There is also a line of thought in this area of law that the reversal of burden of proof would be more justifiable if it is easier for the defendant than it is for the prosecution to prove a particular matter or if peculiar knowledge of certain matters places the defendant in a better position to prove an issue. It was an influential factor in Kebilene, where Lord Hope specifically considered the extent to which these matters affected the ability of the defendant to discharge a persuasive burden. Similarly, Lord Nicholls in Johnstone also considered the same matters before arriving at the conclusion that facts within the defendant’s knowledge made it easier for the defendant to prove a reasonable belief that the goods were not goods in breach of s.92 of the Trade Marks Act 1994. The House of Lords in Attorney-General’s Reference (No. 4 of 2002), on the other hand, found that s.11 of the Terrorism Act 2000, which required the defendant to prove a negative – the lack of active membership since the date of prescription – placed an undue burden on the defendant upon application of this line of reasoning. However, not all cases approach ease of proof and peculiar knowledge with the same enthusiasm. The Court of Appeal in R v Makuwa held that it was not disproportionate to require a refugee to prove that she had presented herself to the authorities as soon as possible, and in reaching this conclusion emphasized the difficulty of proof had the prosecution borne the legal burden and the policy need for efficient immigration controls. Difficulties which the defendant might face in proving any of the relevant matters, on the other hand, were mentioned, but received little discussion.

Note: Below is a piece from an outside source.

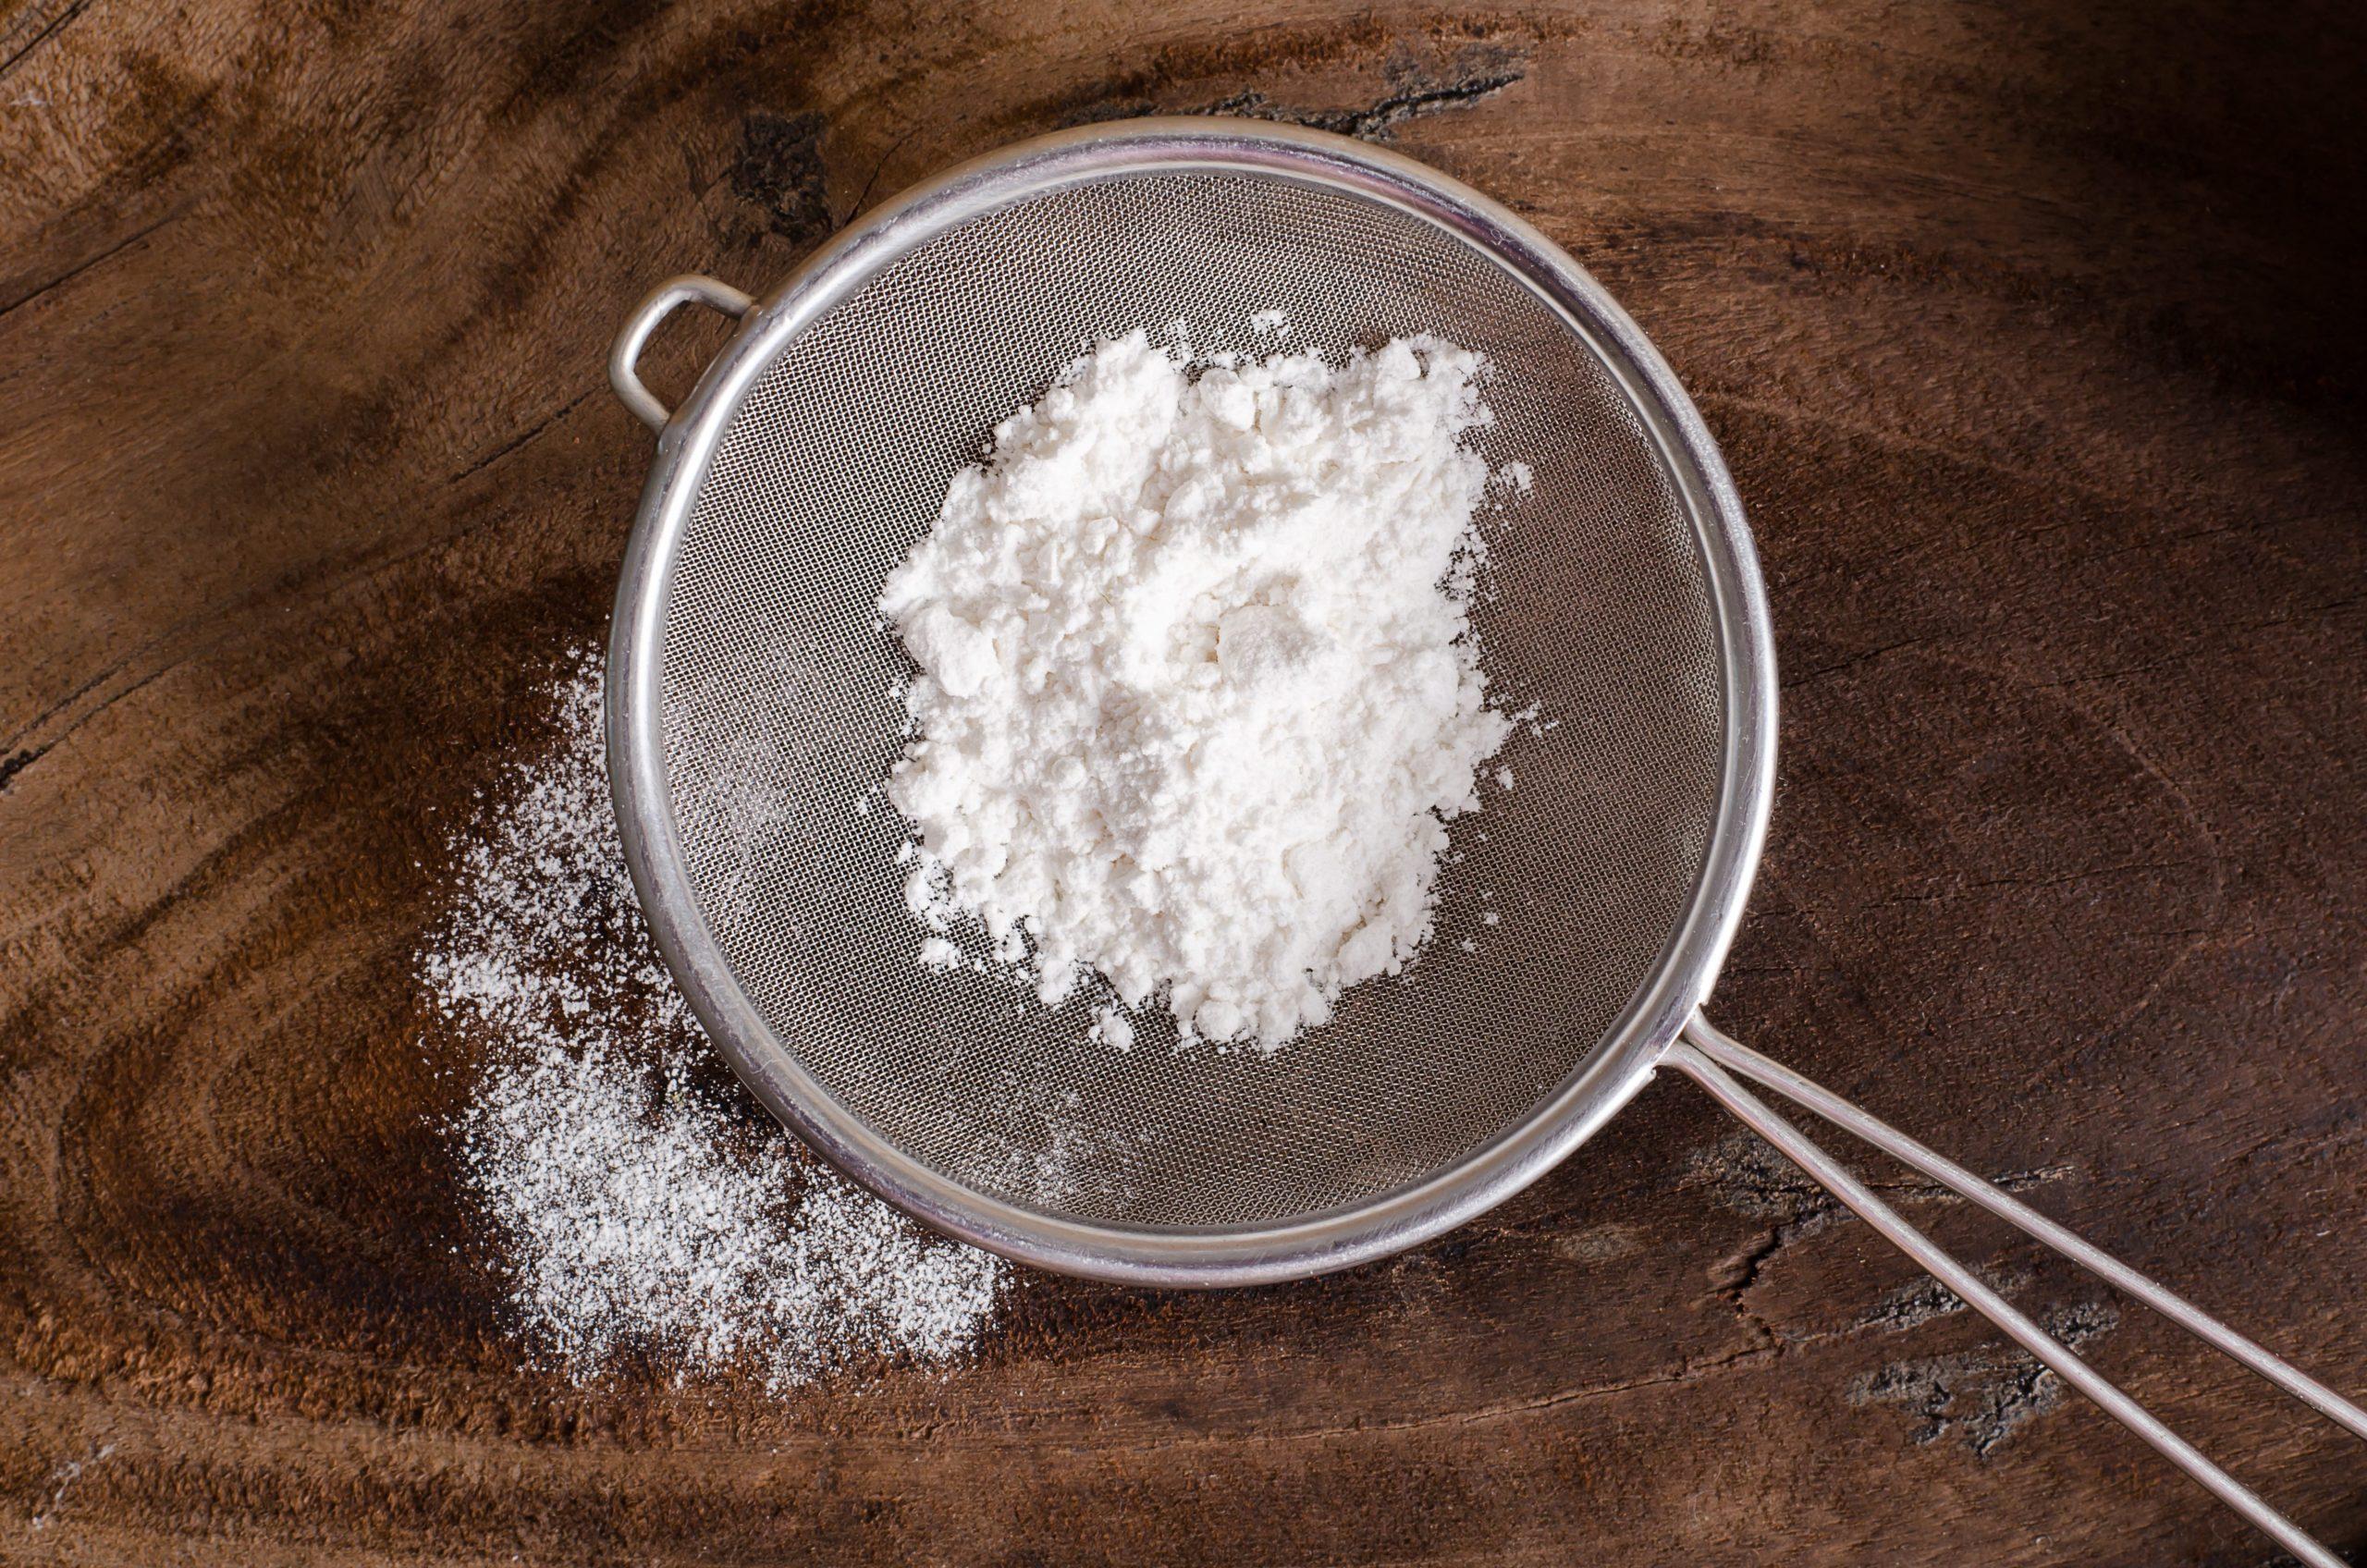 flour in a sieve

While it is true that there are circumstances where the defendant’s peculiar knowledge or access to certain information makes it easier for him to prove a particular matter, this nevertheless makes ease of proof and peculiar knowledge necessary, but not sufficient conditions for the reversal of a legal burden of proof. The reversal of an evidential burden can readily be justified in the aforementioned circumstances, the most notable example being where a defence is being raised as the prosecution has no way of determining in advance the form in which a defence might arise. However, the mere possession of peculiar knowledge does not necessarily make it easier for the defendant to prove a particular matter, if the defendant does not also have access to corroborating evidence. Relative ease of proof also needs to be approached with care – where the discharge of a persuasive burden would prove difficult for the prosecution, it does not follow that the defendant will necessarily be in a significantly better position to do the same. A secondary conception of this factor, rooted in academic commentary, seeks to justify requiring the acceptance of the corresponding burden by voluntary participants in regulated activities from which they intend to derive benefit. This is usually strengthened by a pragmatic consideration – that in the normal course of events it will be easier for the defendant to prove, by production of relevant documentation, that they have complied with the requisite regulatory conditions. While this is unobjectionable if it is indeed easier for the defendant to discharge the burden, the justification is limited to activities traditionally thought of as belonging squarely in civil regulatory laws, and do not cover a large number of criminal offences with which onus reversal is often associated.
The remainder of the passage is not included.